Failure to Protect Resident From Physical Abuse and to Report Incident
Penalty
Summary
The facility failed to protect a resident from physical abuse by another resident when one resident with a known history of antagonistic, verbally and physically aggressive behavior kicked another resident, causing a fall and subsequent pain. Multiple witnesses, including another resident and two CNAs, reported that while residents were lined up for a smoke break, the aggressor resident grabbed the victim resident’s leg in an attempt to make him fall and, when that failed, deliberately kicked the victim’s left leg or knee, causing him to fall onto his left hip.
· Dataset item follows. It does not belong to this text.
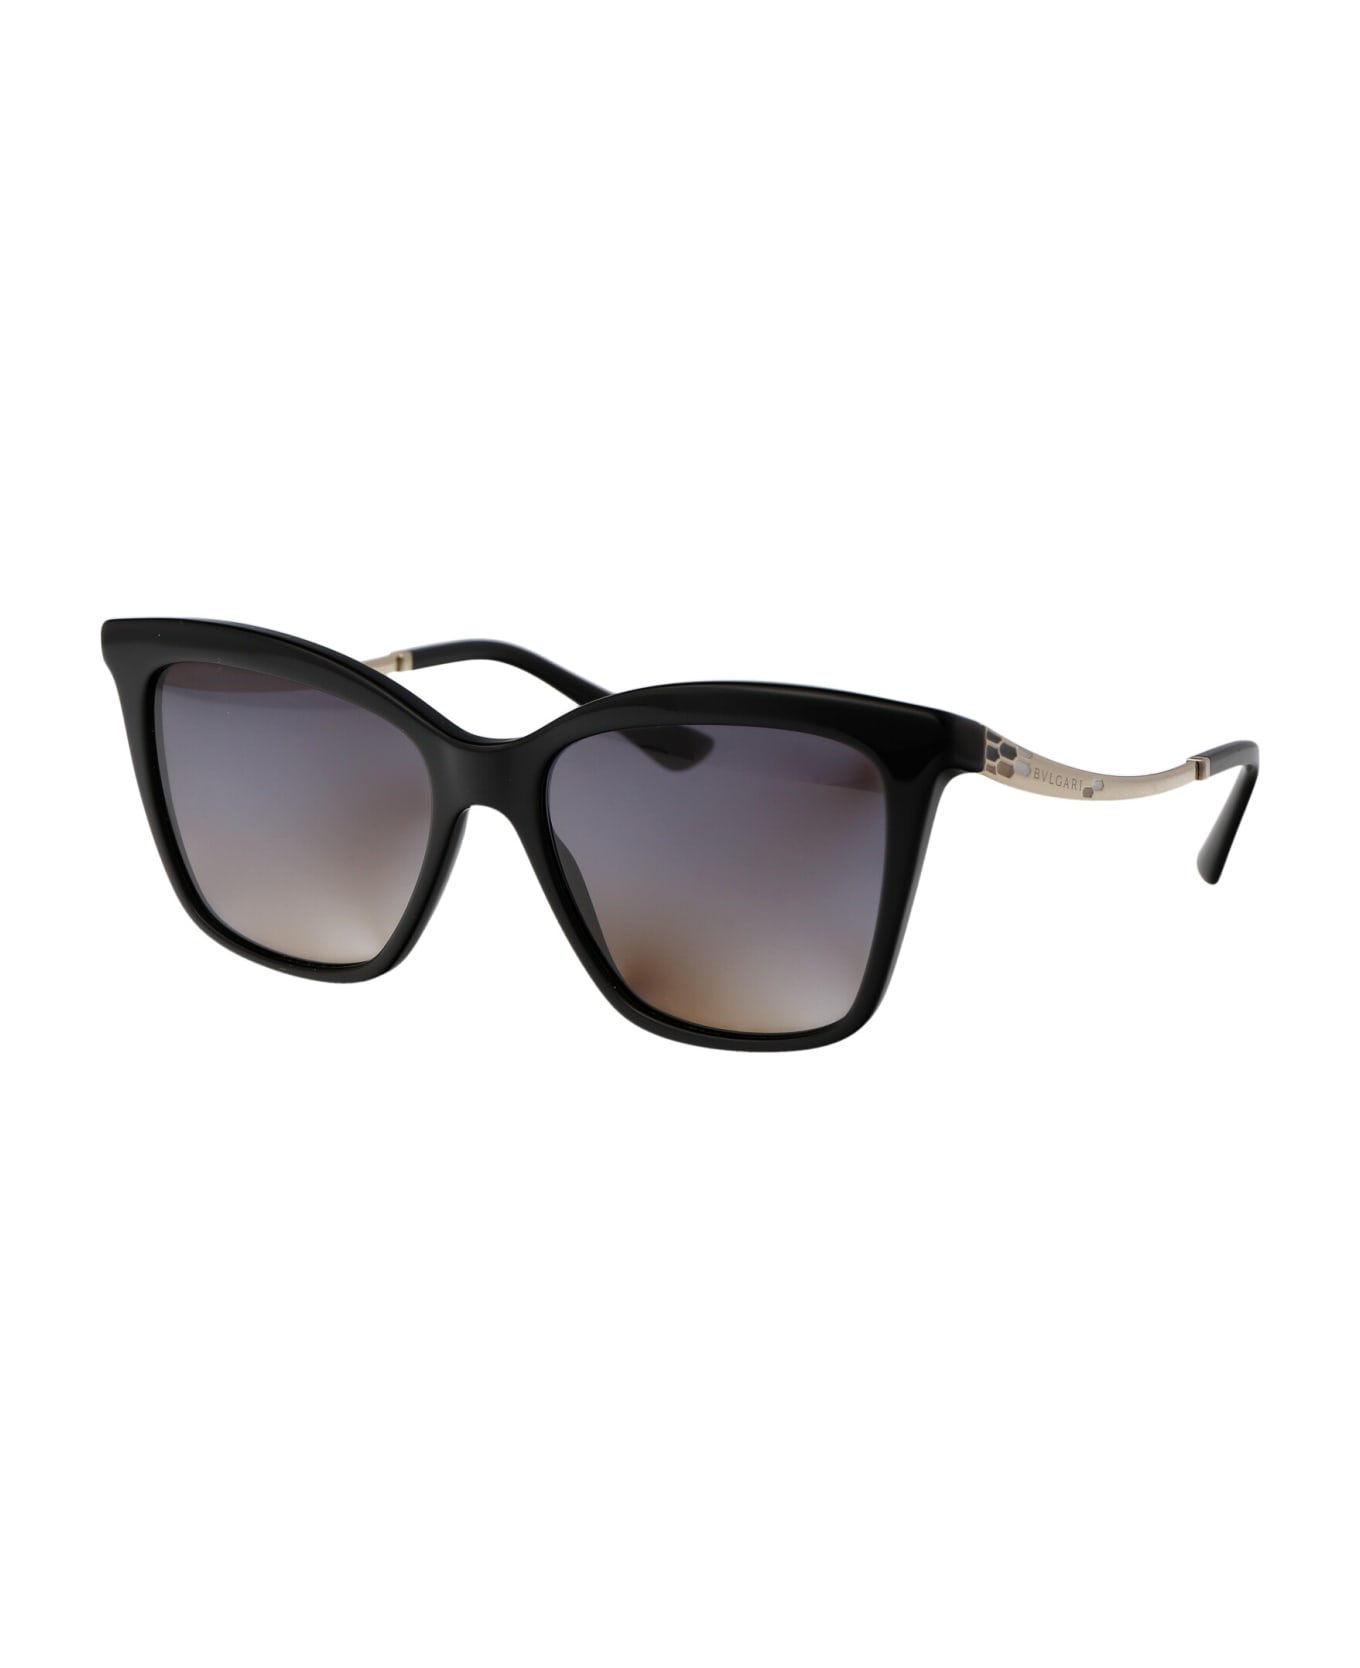 Bulgari 0bv8257 Sunglasses - 501/T3 BLACK サングラス

The victim resident consistently reported that the kick knocked him off his feet, that he landed on his left hip, and that he continued to experience left hip and buttock pain rated 5/10 with walking and lying on his back. A behavior note documented that the aggressor resident stood up from his wheelchair and kicked the victim resident in the leg for no reason, witnessed by residents and staff, and a subsequent nurse’s note documented the victim’s complaint of left hip pain and an order for a left hip and pelvis X-ray. Despite staff recognizing the event as physical abuse and a reportable incident under the facility’s Abuse and Retaliation Prevention and Reporting policy, the facility did not take required reporting and response actions. An LPN stated that the incident was reportable and notified the Administrator, and both the DON and ADON acknowledged that one resident kicking another constitutes physical abuse that should be reported to the state surveying agency and to the police. However, the Administrator confirmed that the facility did not report the incident to the state surveying agency and that facility staff did not call the police or an ambulance for the victim resident, even though the victim repeatedly requested that the police and an ambulance be called. Instead, the aggressor resident independently called 911 for himself. The facility’s own policy defines physical abuse as willful infliction of injury, including kicking, and affirms residents’ right to be free from abuse, but these standards were not followed in this incident.